The US FDA grants orphan status to ChemoCentryx’s (Moutain View, CA, USA) avacopan as a treatment for the severe kidney disease C3 glomerulopathy characterized by protein deposits into the glomeruli. Avacopan reduces the kidney damage associated with C3G by inhibiting the complement C5a receptor which plays a key role in the inflammatory process


The US FDA grants fast-track designation to Humacyte’s (Research Triangle, NC, USA) Humacyl, a decellularized bioengineered blood vessel regenerative medicine advanced therapy, as treatment for patients with kidney failure who cannot received fistula placement.

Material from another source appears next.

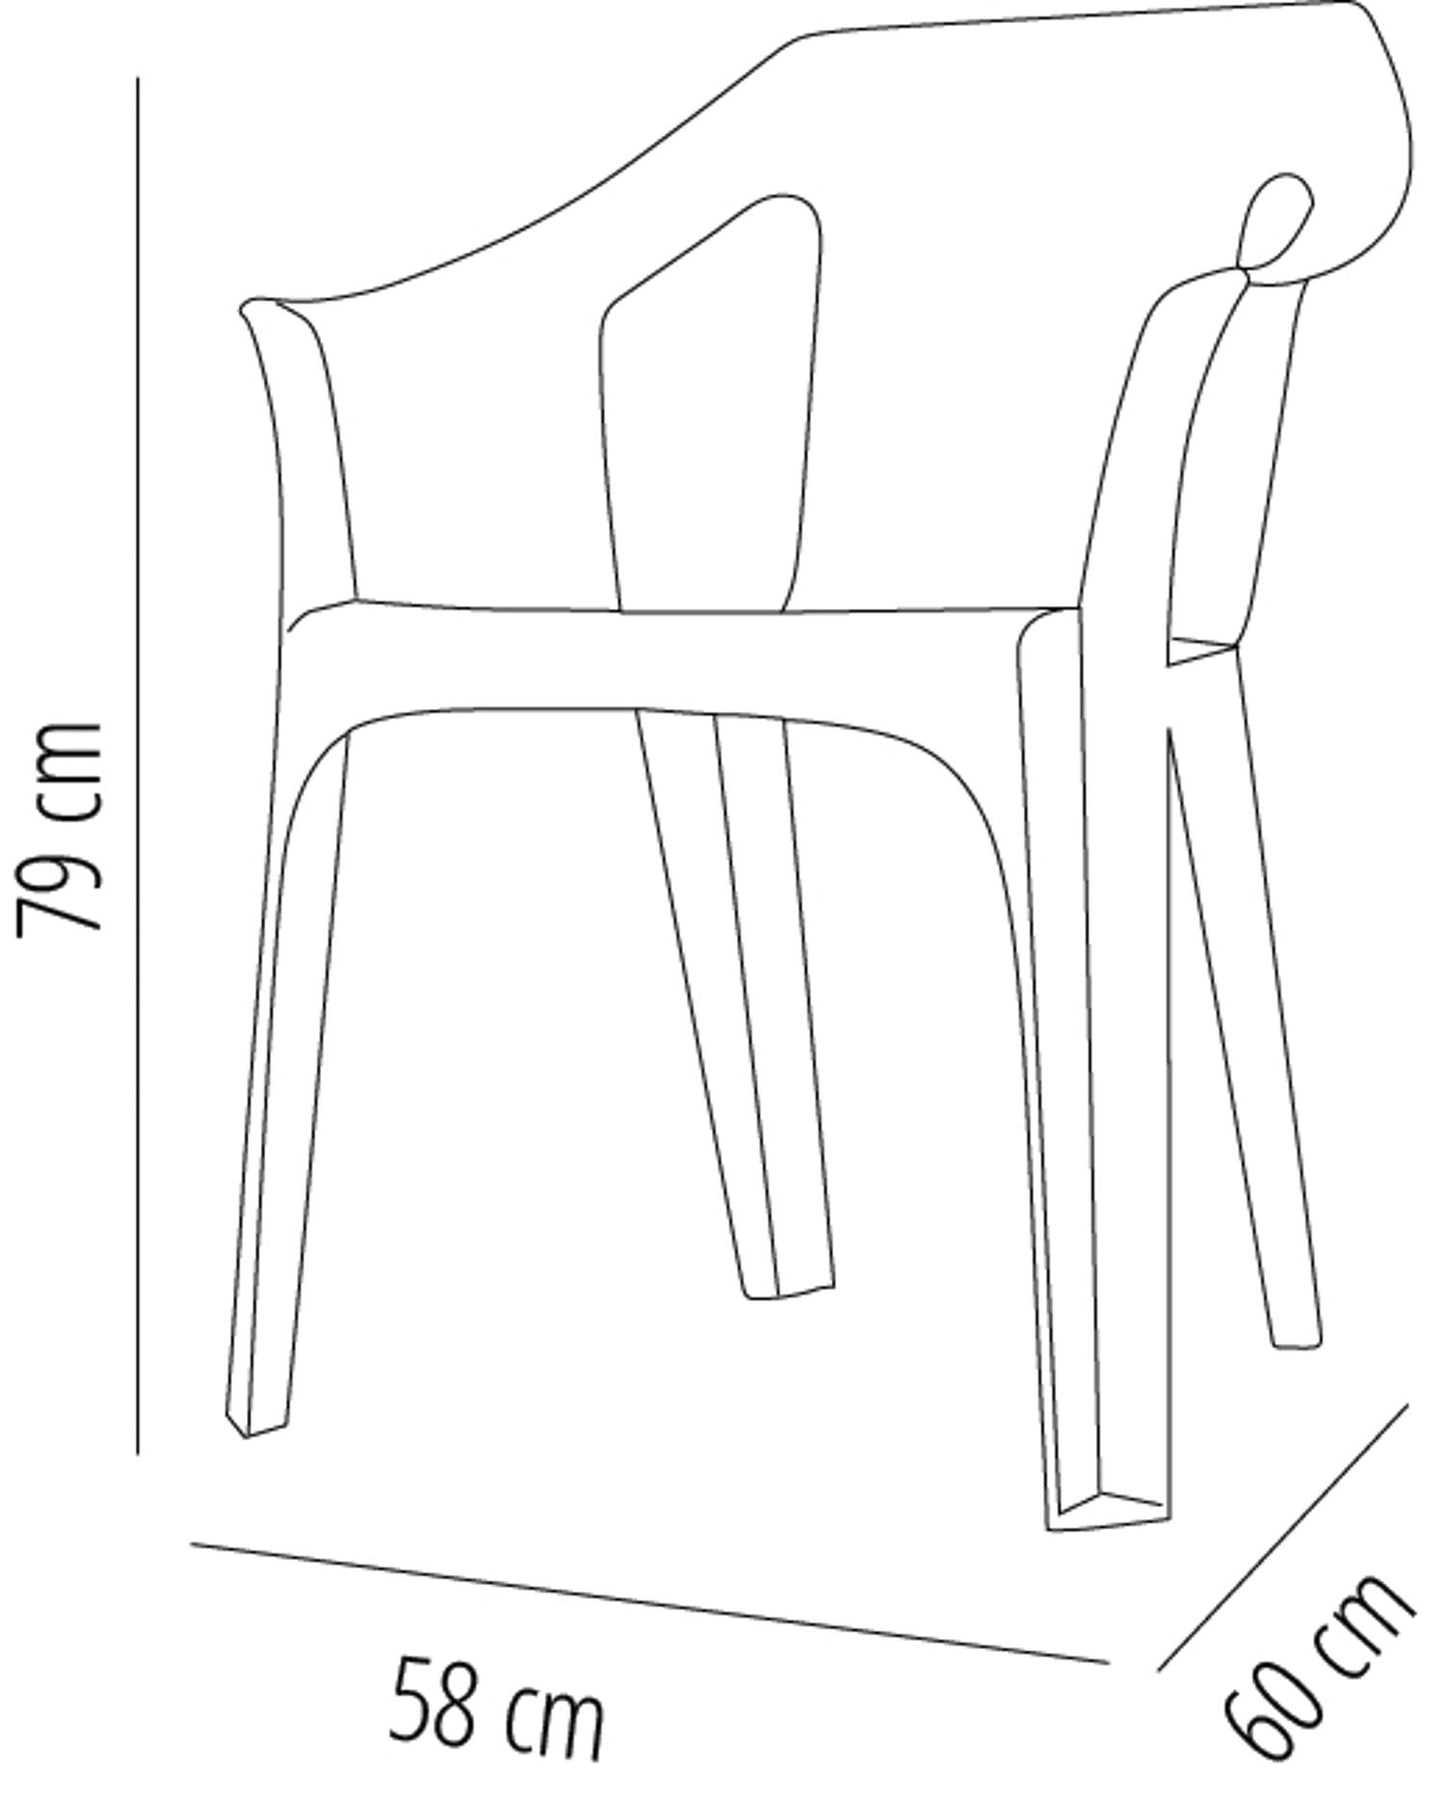 Garbar cool set 2 silla con brazos exterior verde lima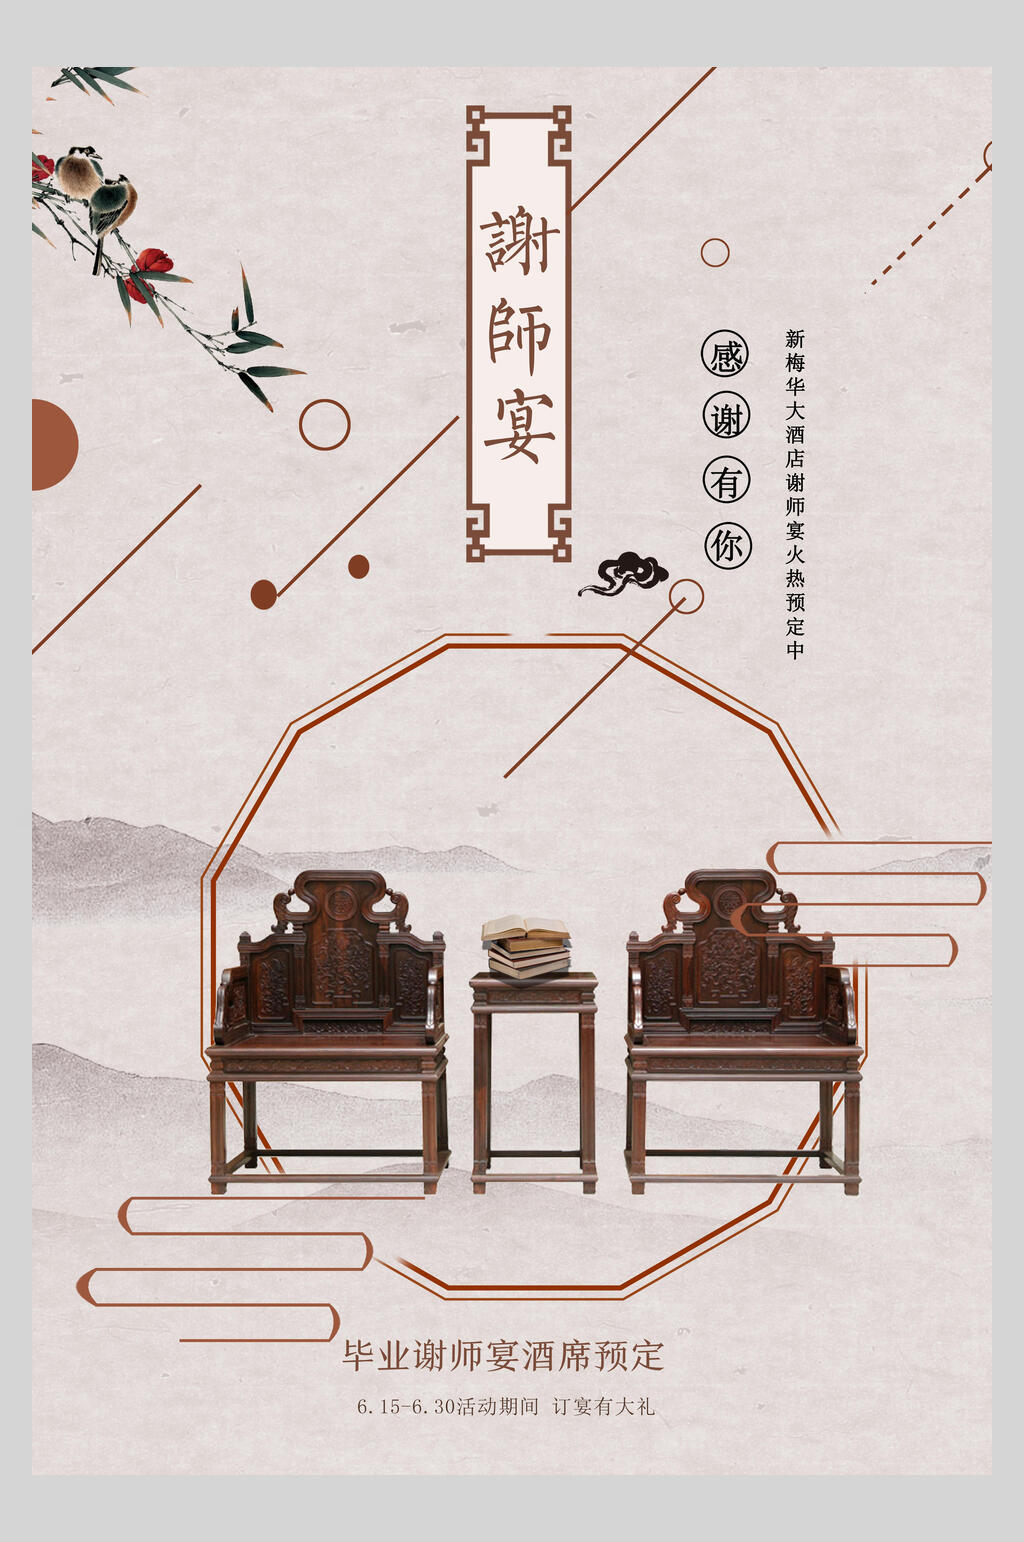 椅子中国风创意海报素材

Neurocrine Biosciences' (San Diego, CA, USA) Ingrezza, or valbenazine, has met the primary endpoint of a late-stage study in which the drug showed a statistically valid difference from baseline in the AIMS scale than placebo in the treatment of tardive dyskinesia. Valbenazine inhibits a protein called Vesicular Monoamine Transporter 2, which is concentrated in the brain where it plays a key role in the re-packaging and transporting of monoamines (dopamine, norepinephrine, serotonin and histamine) in certain neurons. It modulates dopamine release during nerve communication while exerting minimal impact on other monoamines, thereby minimizing unwanted side effects associated with excessive monoamine depletion, in patients with Tourette, Huntington’s chorea, tardive dyskinesia and schizophrenia. The FDA's PDUFA date for Ingrezza's marketing application is April 11.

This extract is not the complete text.